* HOW TO COMPLETE THIS TASK: Take the line containing "Southern Living Heirloom" and every line below it through the end of the entries, and output them verbatim, pictures excluded.

---------- SOURCE RECORDS ----------

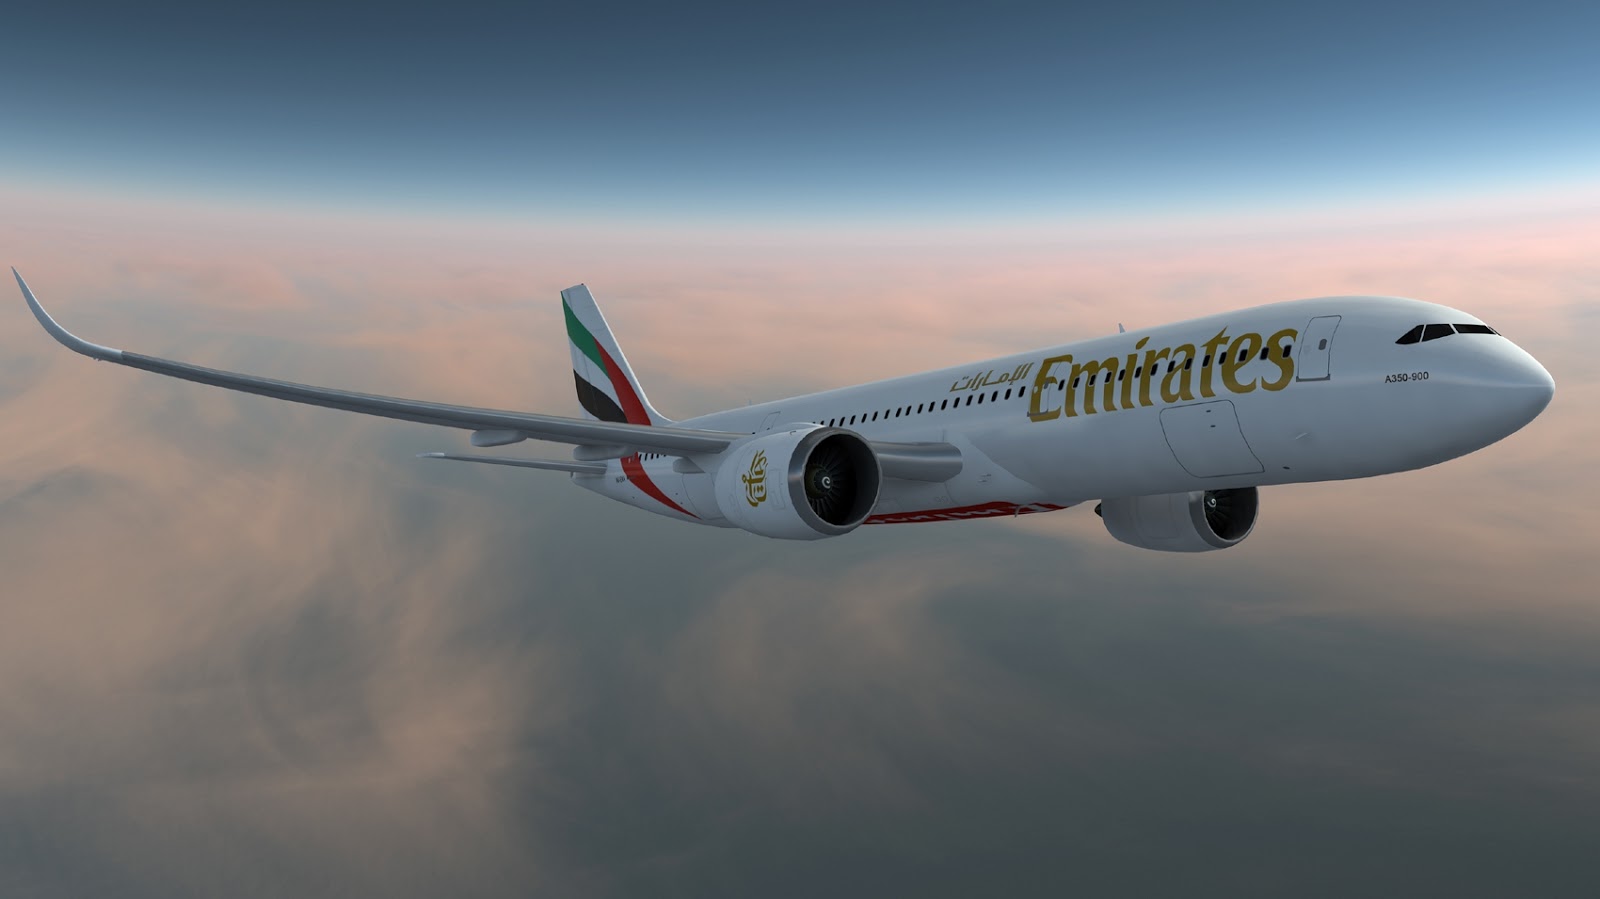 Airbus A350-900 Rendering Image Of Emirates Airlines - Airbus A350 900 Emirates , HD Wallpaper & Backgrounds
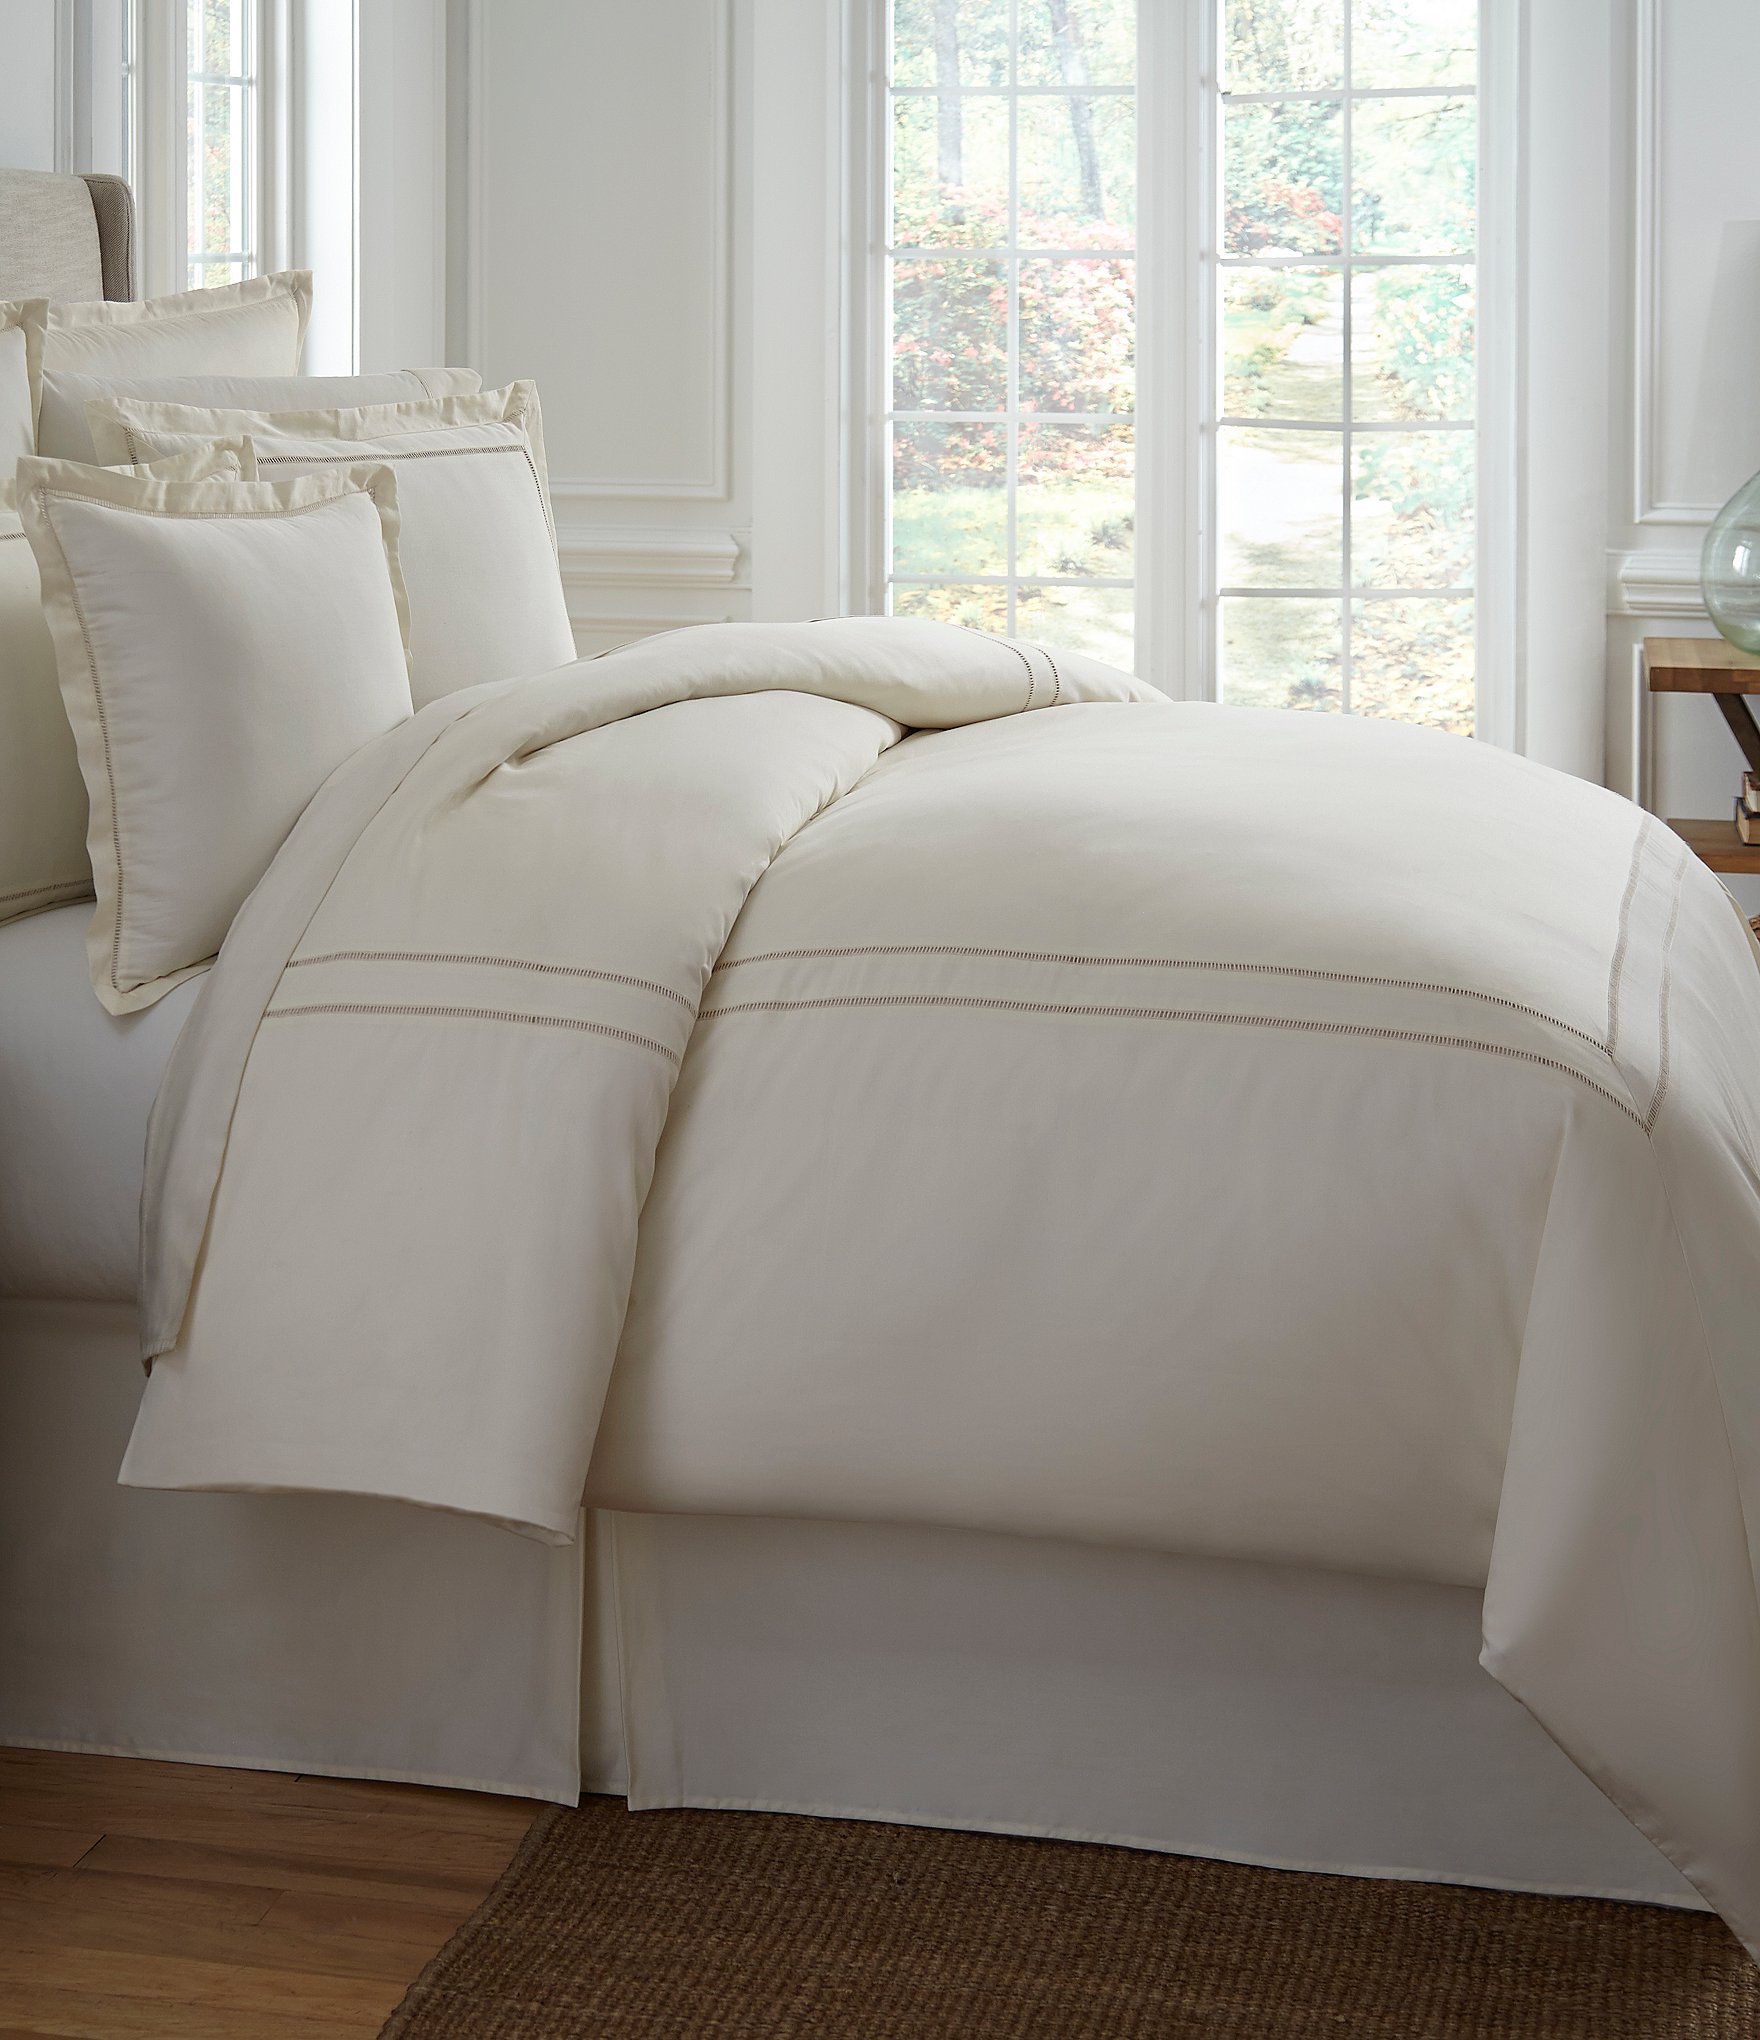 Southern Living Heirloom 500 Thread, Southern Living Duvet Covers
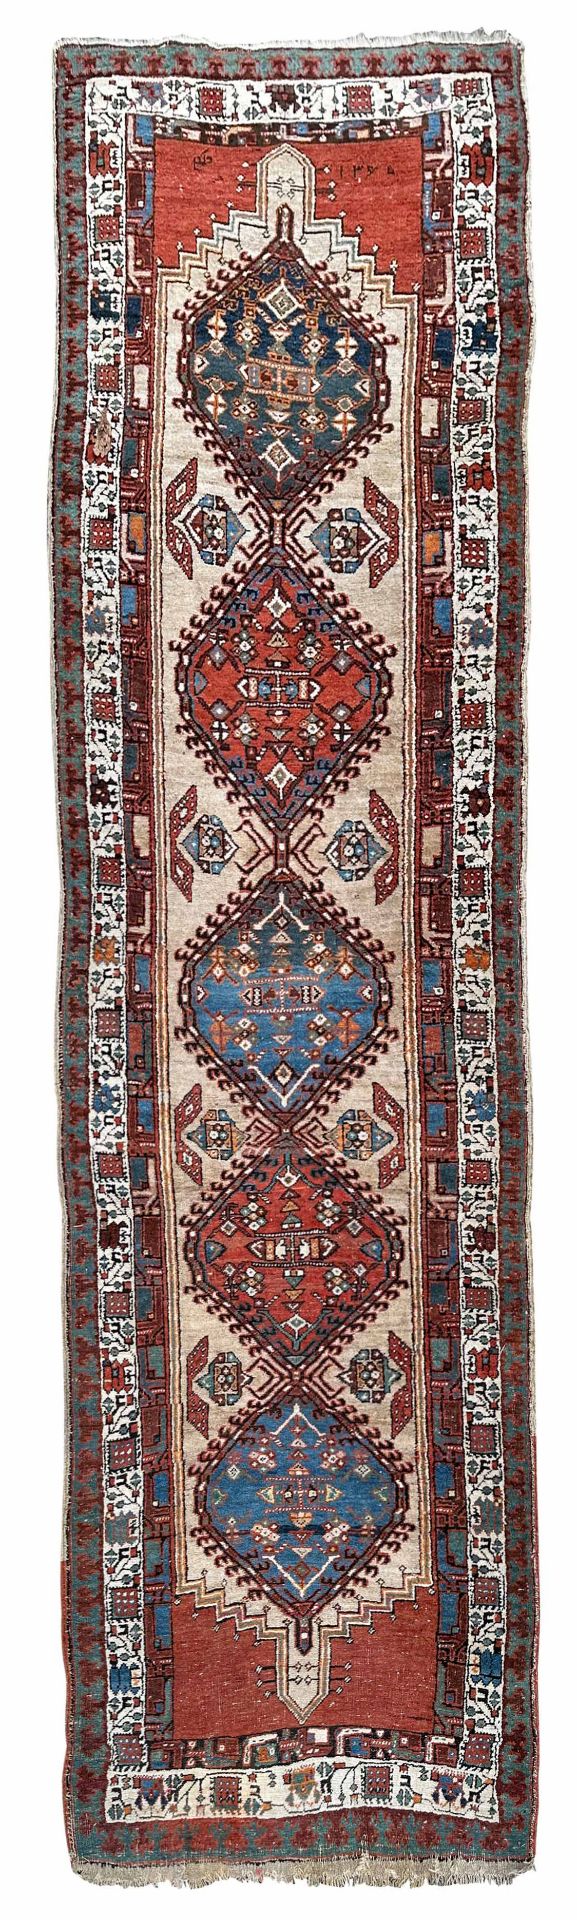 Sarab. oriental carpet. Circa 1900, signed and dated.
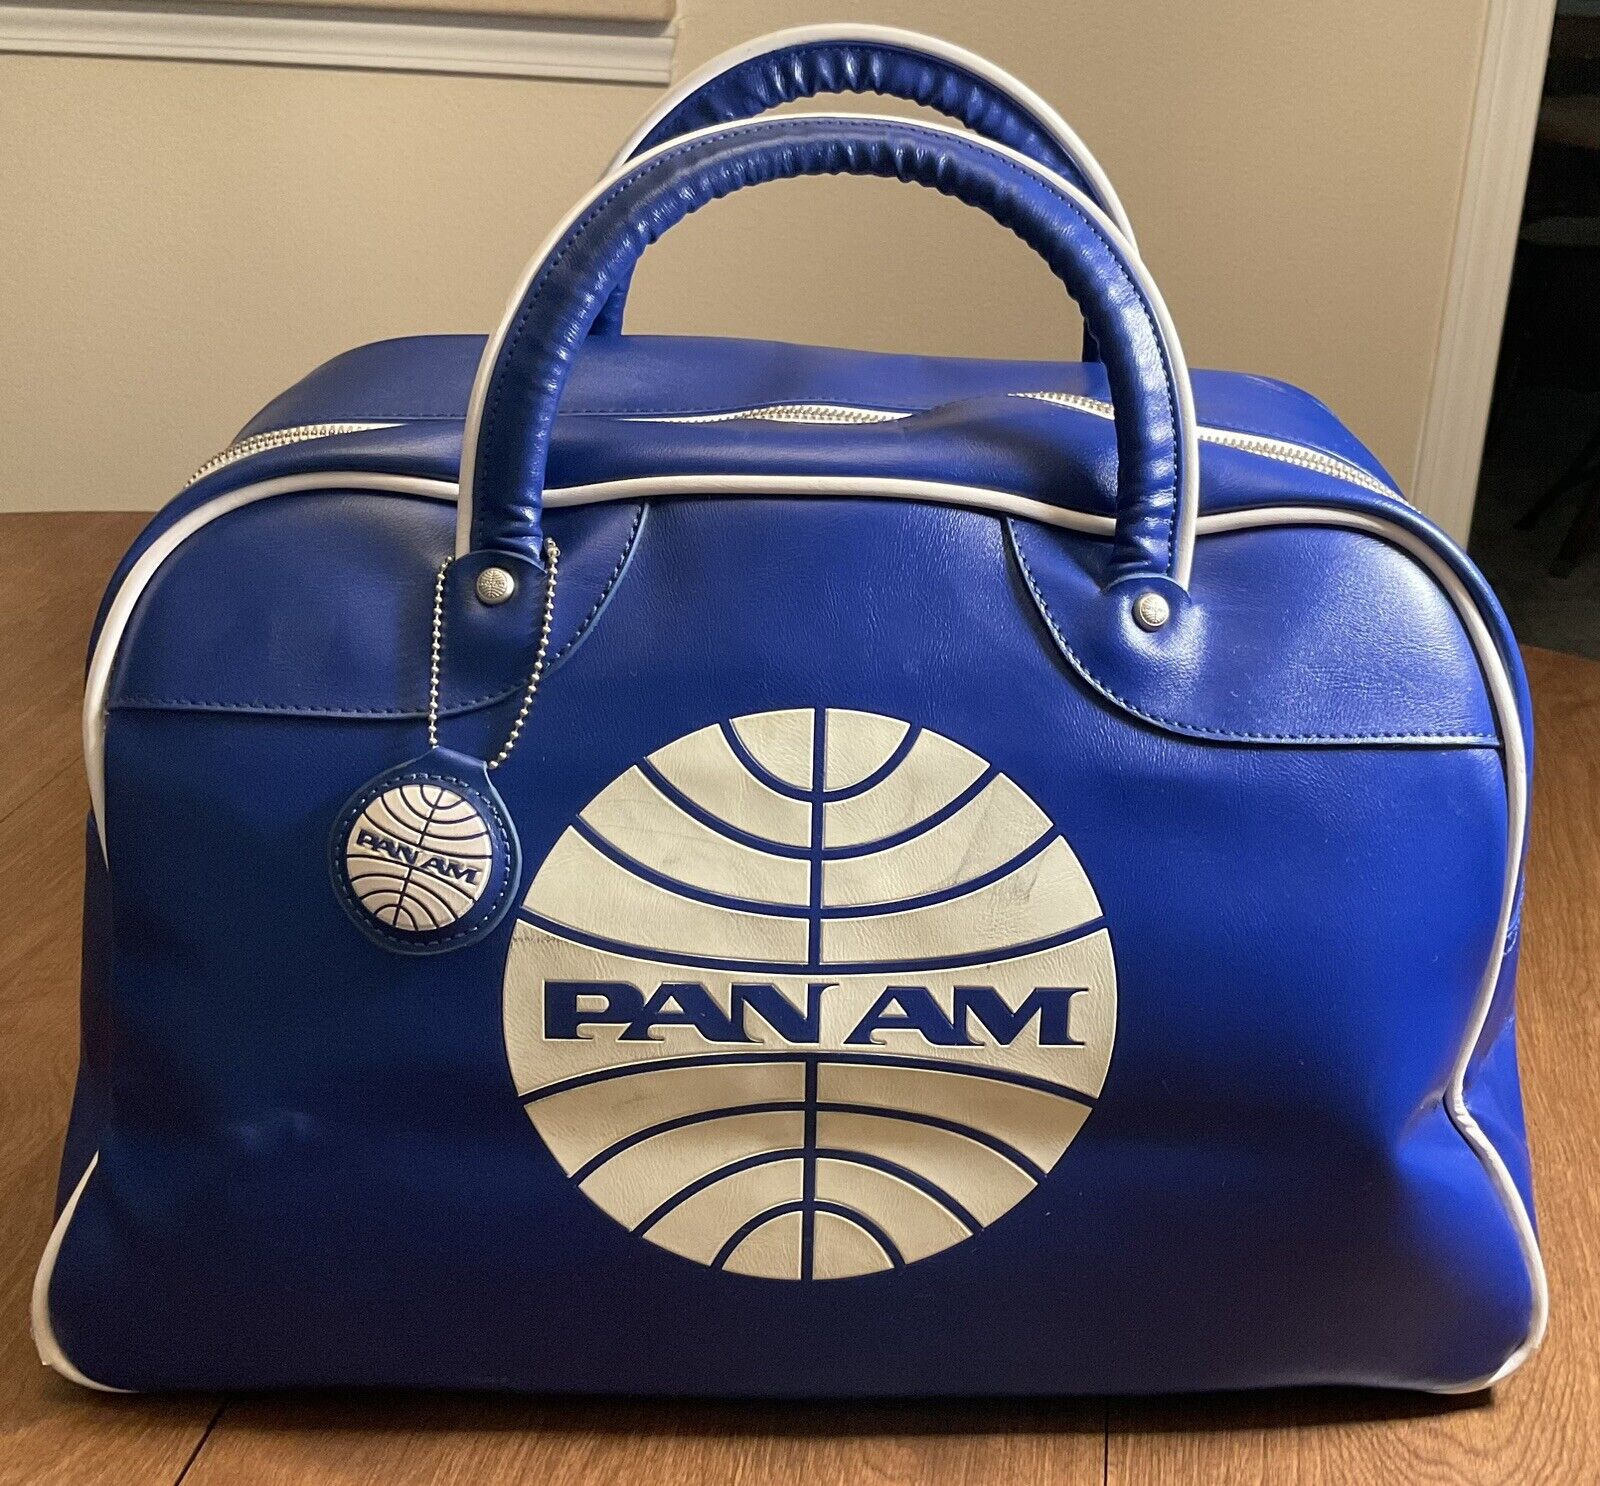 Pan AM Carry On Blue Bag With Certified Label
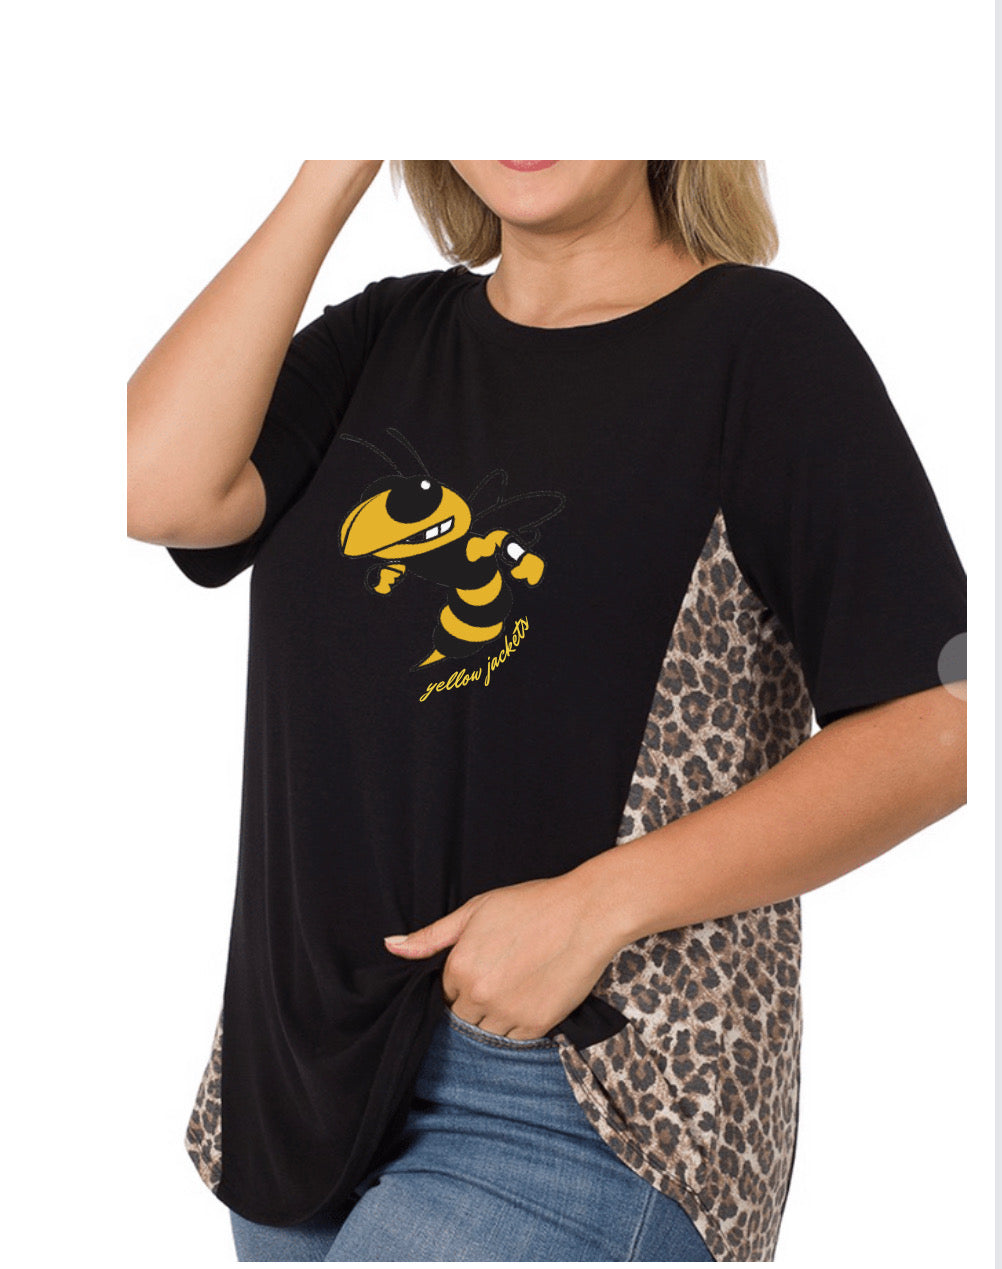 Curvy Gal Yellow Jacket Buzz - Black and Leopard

----------

* ANSWER BOX:
 Southern Living Heirloom 500 Thread, Southern Living Duvet Covers
 Sarab. oriental carpet. Circa 1900, signed and dated.
 Pan AM Carry On Blue Bag With Certified Label
 Curvy Gal Yellow Jacket Buzz - Black and Leopard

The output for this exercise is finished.